Headline CPI slowed to 4% while core accelerated to 4.1%, splitting RBA odds. BOJ summary targets 1.75% peak. Dollar holds gains as antipodean currencies languish.
A split Australian inflation print set the tone for Asia-Pacific markets Wednesday. Headline CPI ran below forecasts. Core measures accelerated. The two prints left the RBA's policy path unresolved, and the Australian dollar stayed pinned near 11-week lows.
Westpac held onto its August hike call. The bank argued that second-round effects from the Middle East are broadening across consumer prices in ways the headline miss obscures. Markets priced 36% odds of a move in August and 67% for December. The kiwi fared no better, sitting at a seven-month trough. Dollar strength compounded the pressure on antipodean currencies. The data followed a previous report showing core acceleration.

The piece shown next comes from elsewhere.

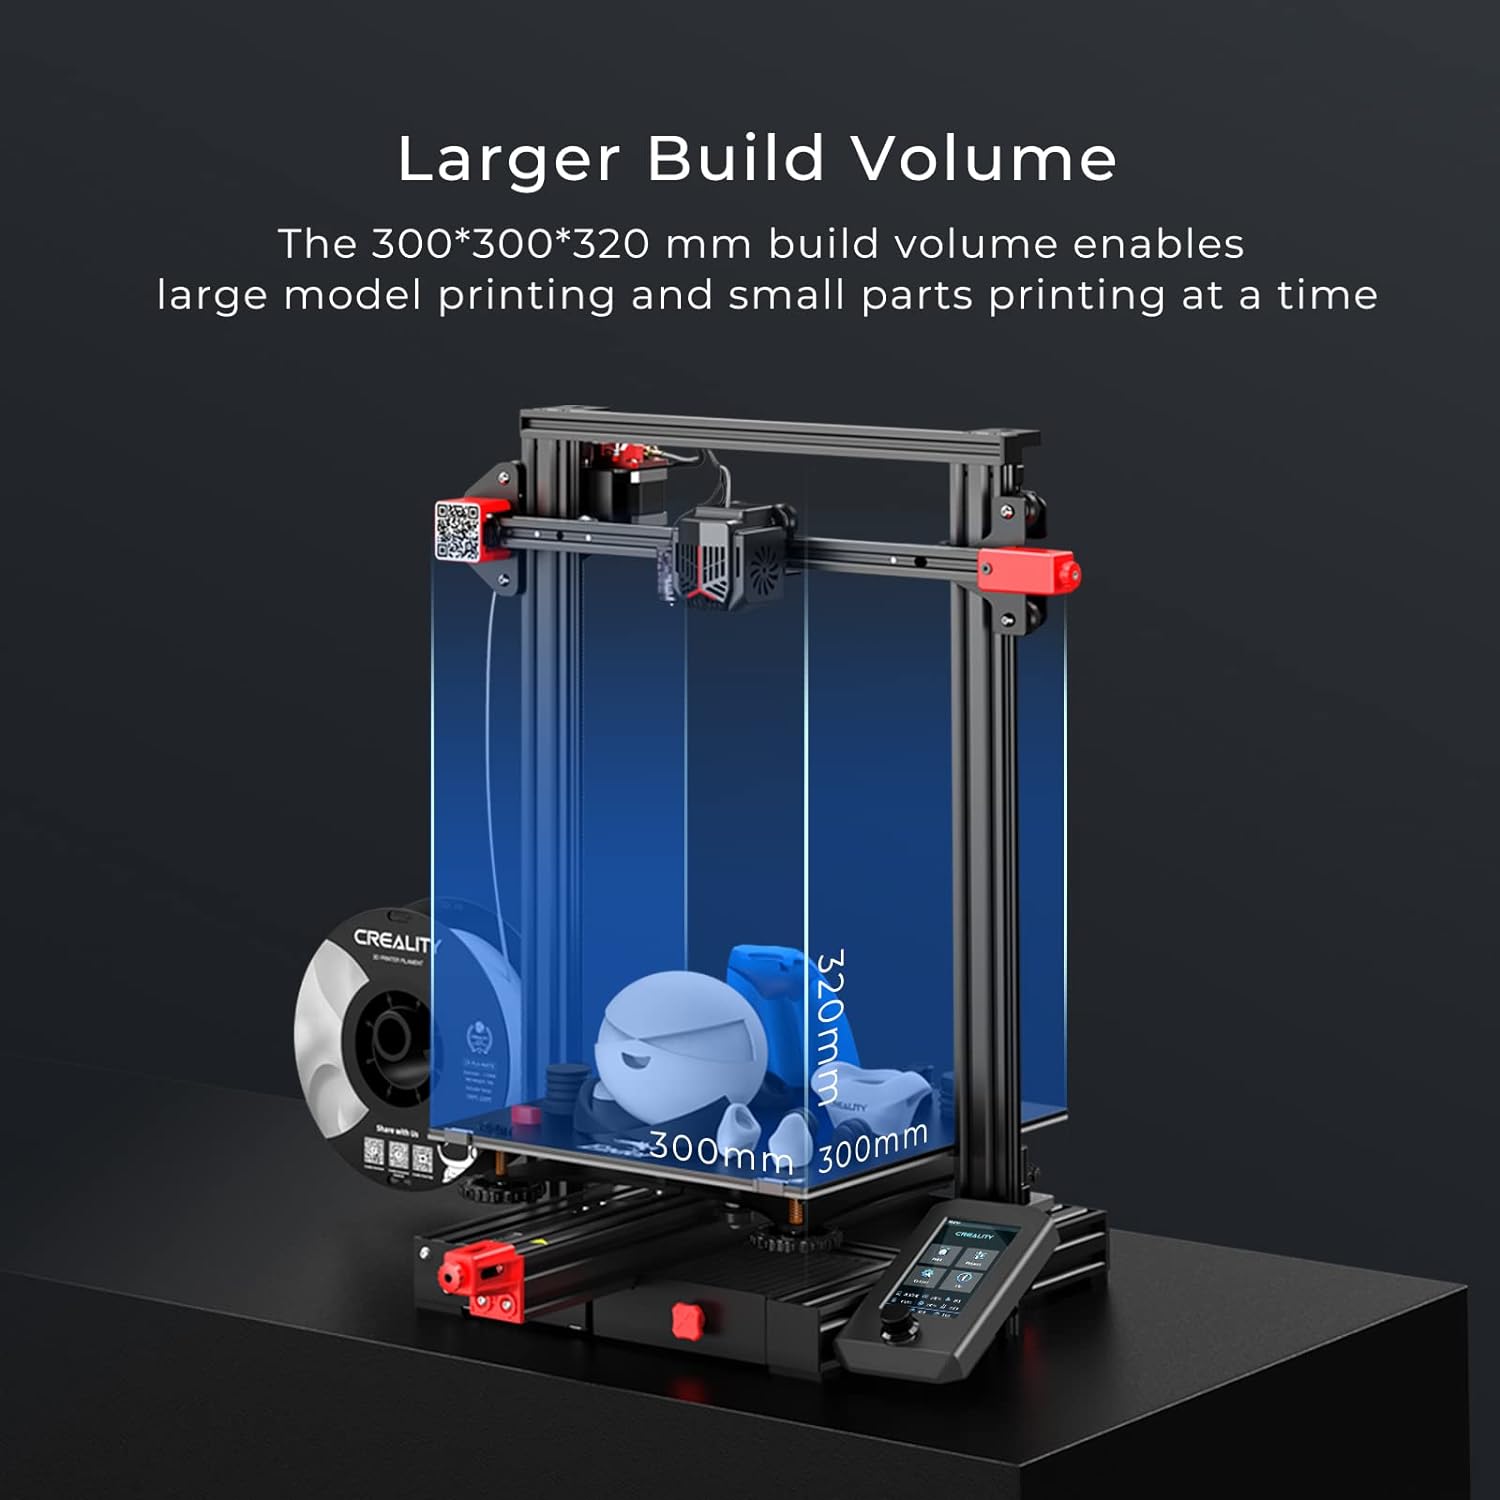 creality-ender-3-max-neo-3d-printer-cr-touch-auto-leveling-dual-z-axis-full-metal-extruder-silent-mainboard-filament-sen-3 Creality Ender 3 Max Neo 3D Printer Review

In Japan, the BOJ's June Summary of Opinions confirmed a board majority pushing toward neutral. Some members explicitly called for hikes at intervals of a few months. Roughly 90% of economists now expect another move by December, and the projected cycle peak has been revised up to around 1.75%. The yen remains near 40-year lows despite the June hike, keeping import cost pressures alive and the hawks well-armed. The summary reinforced the view that Japan's rate path is set for a gradual climb. Our earlier coverage laid out the board's internal push.
Seoul provided the session's sharpest price action. Samsung surged as much as 10% early on a Yonhap report of a 90 trillion won buyback plan. The government confirmed it would announce details of a new AI semiconductor cluster involving Samsung and SK Hynix. The gains faded as the morning wore on.

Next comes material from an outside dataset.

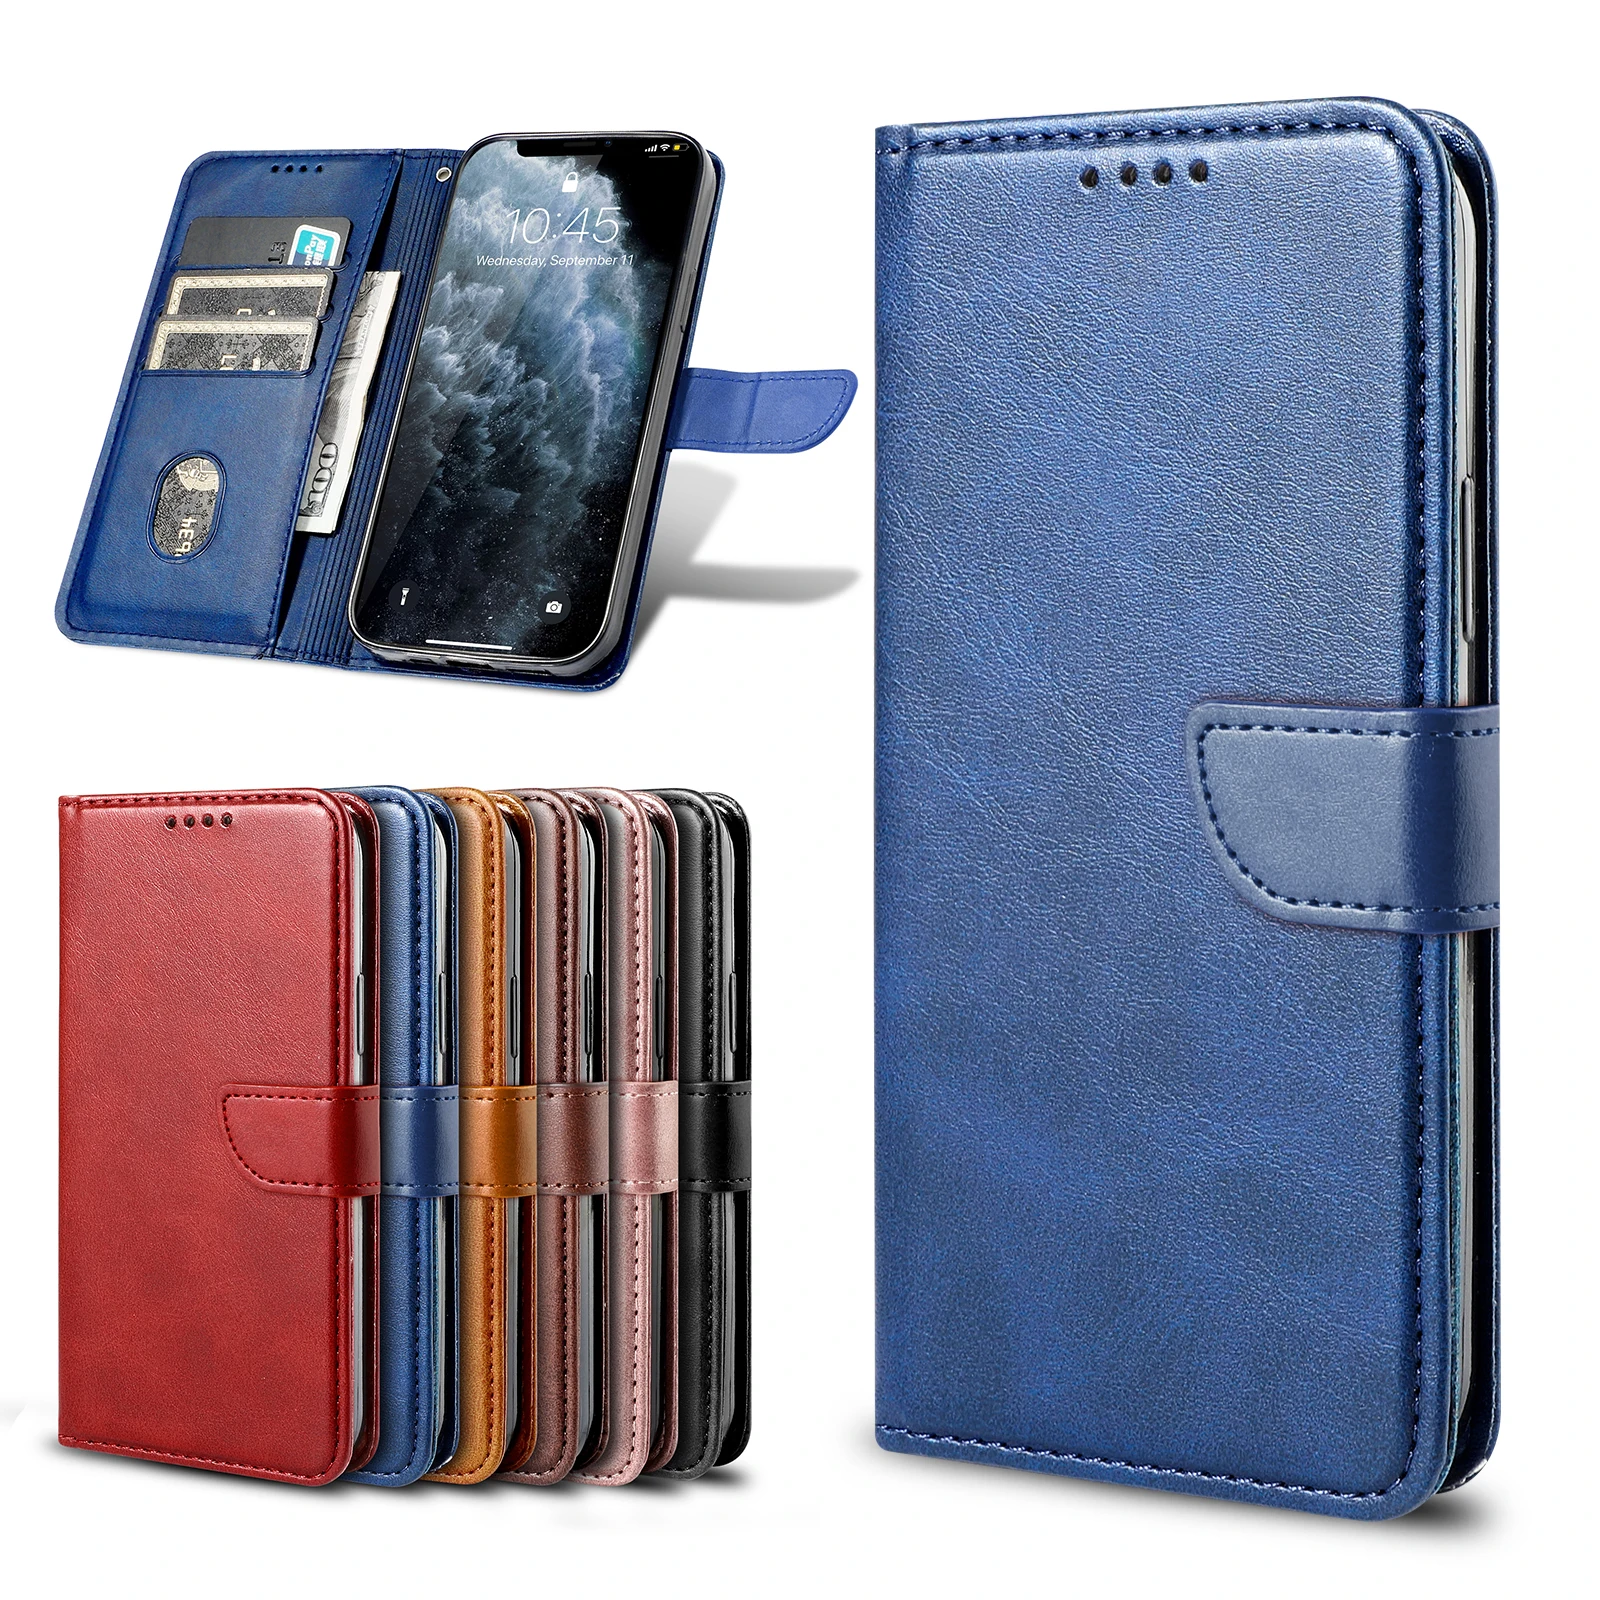 

Case For Meizu M2 M3 M3s M5 M5s M6 Note M6s Mini Flip Cover Case Magnetic Leather Flip Case Protective Holster Phone Shell

Gold continued to slide. The Fed hike narrative kept the pressure on. Morgan Stanley's North Haven private credit fund added to the sector's mounting liquidity headlines by capping Q2 redemptions at 5% against withdrawal demand of 11.6%. Away from macro, Alphabet will join the Dow Jones Industrial Average ahead of Monday's open, replacing Verizon.
Oil inventory data out Wednesday morning in the US showed the Strategic Petroleum Reserve at its lowest level in more than 40 years. The drawdown reflects the pace of releases over the past year rather than a new surge in demand. The level itself is a reminder of how much supply cushion has been drained.